I fear something worse: that it WON'T require proof of self, because the LLMs will be able to tell if you're human... and your age, wants, needs, everything else; that's the nightmare scenario for me: LLMs integrating all the little bits and pieces of yourself you shed online, all the information you leak, from the speed your mouse movements to how long you read an article -- and what articles you read -- and the words and style of your comments -- everything building into an accurate and detailed profile of yourself.

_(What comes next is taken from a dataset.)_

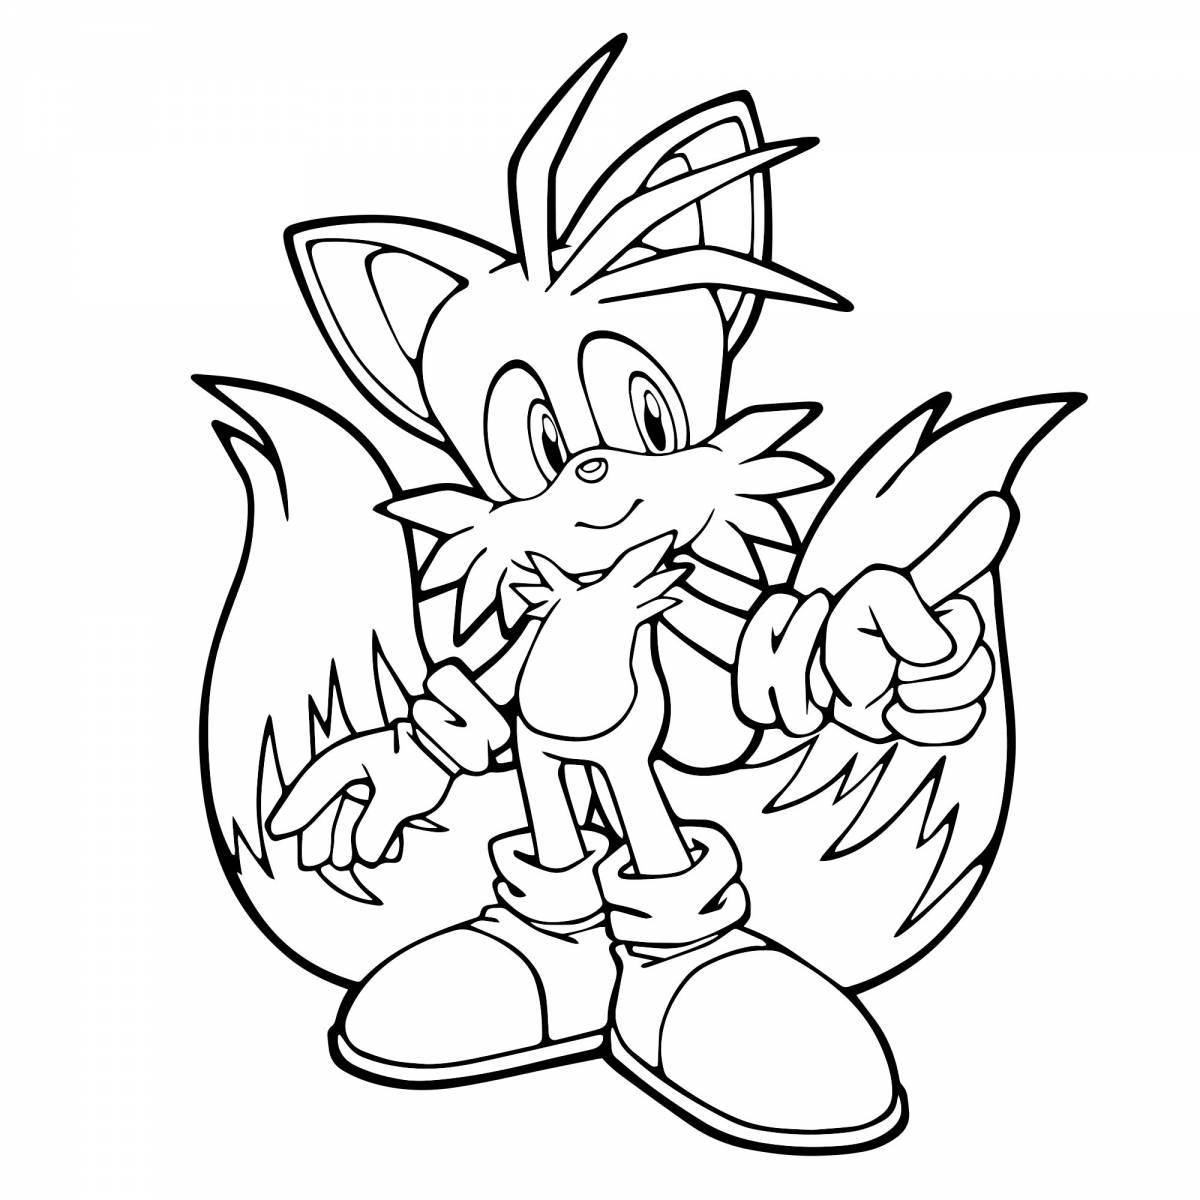 Attractive sonic drawing coloring book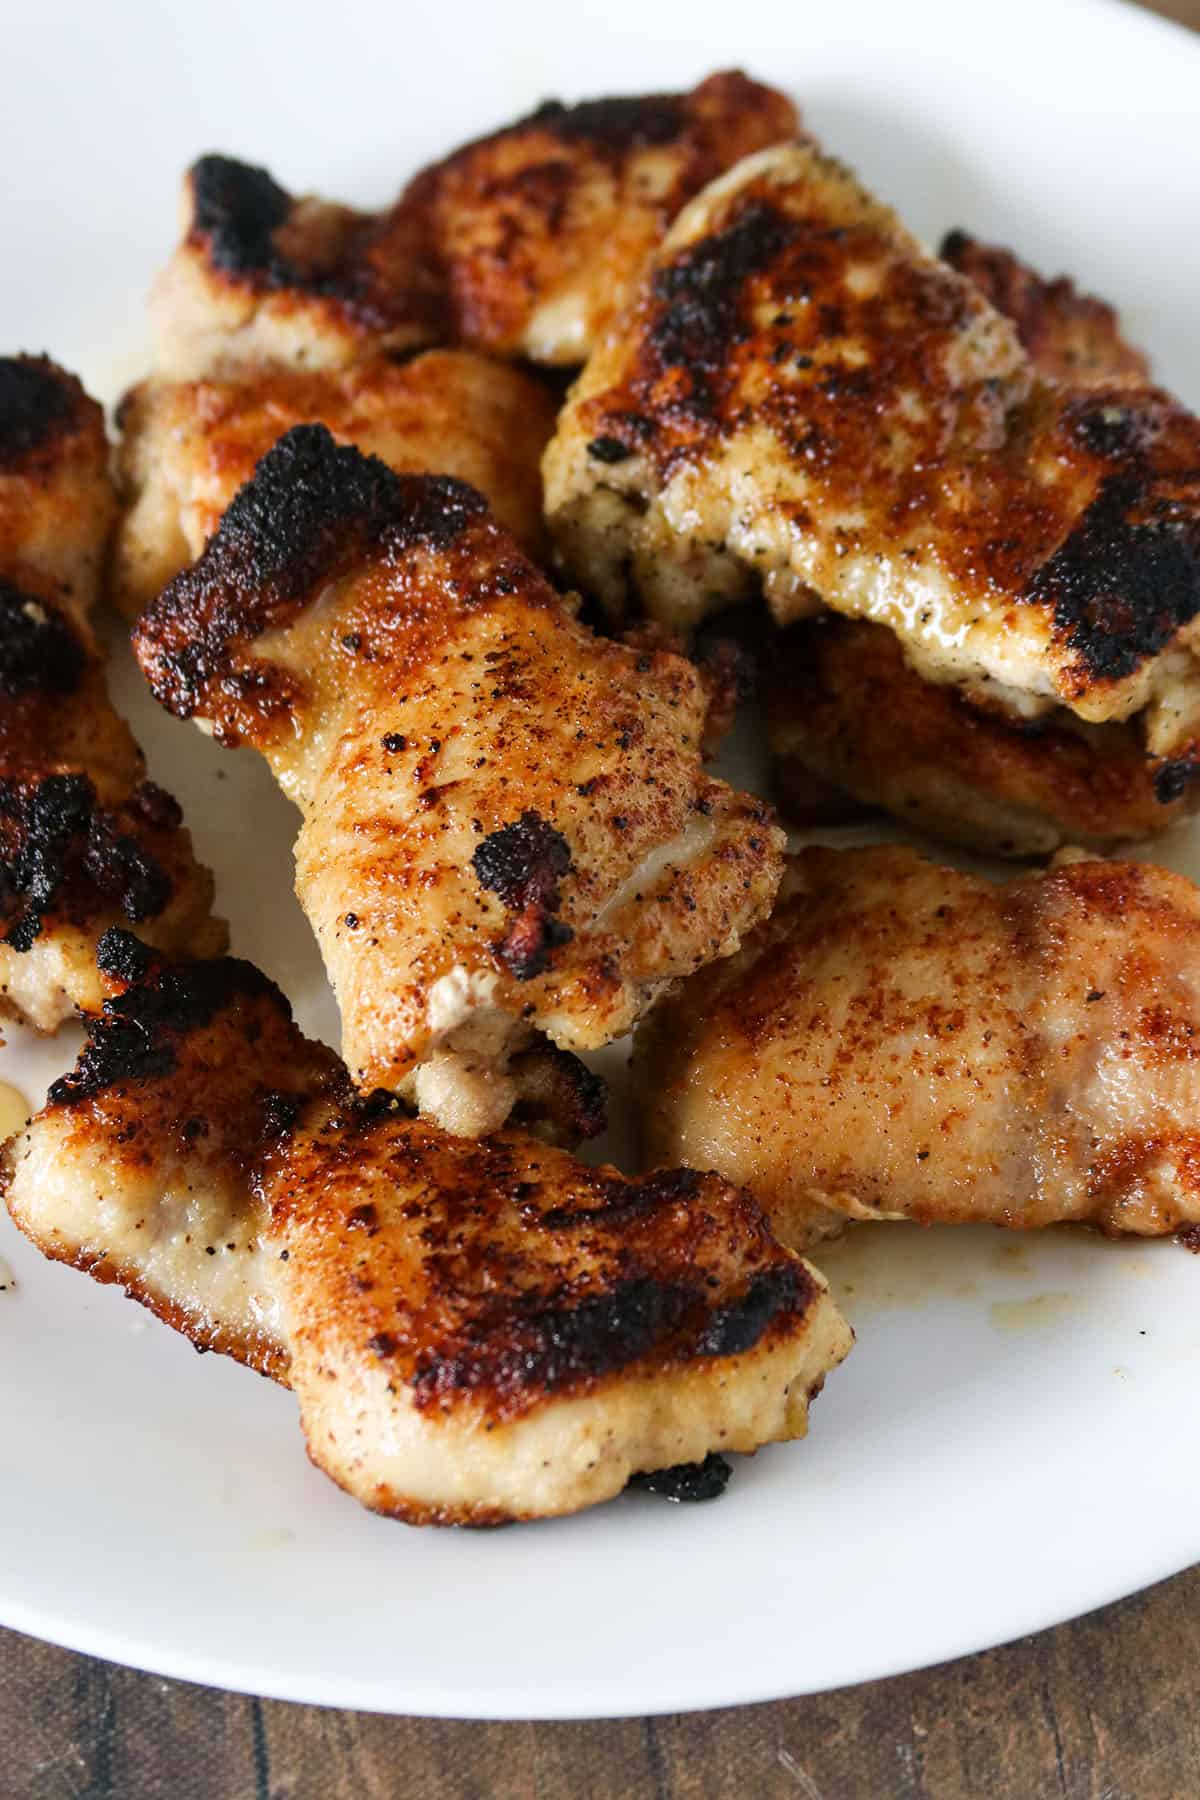 The cooked chicken thighs on a plate.

There is a more significant case of "the end of anonymity", that of doing any kind of sale or purchase. The more sophisticated the possibilities for fraud become, the harder the authorities that be will (need to) push for public non-falsifiable identification (e.g. linked to your biometrics somehow, as I don't suppose a transplant ("chip") is politically feasible). If you need to trade, that is.
Consider that the past few years the use of cash is increasingly being phased out, or even outlawed (for amounts over a certain size) in various Western countries. With digital money comes digital fraud.
As a spooky aside, the Christian horror story "Mark of The Beast" is remarkably accurate in that respect, even if perhaps a bit too specific in the details (on hand or forehead) - but then magic glasses and -watches are here already.
This is a huge fear of mine as well. I can't see how I could ever accept such a thing, so it would be the end of my use of the web.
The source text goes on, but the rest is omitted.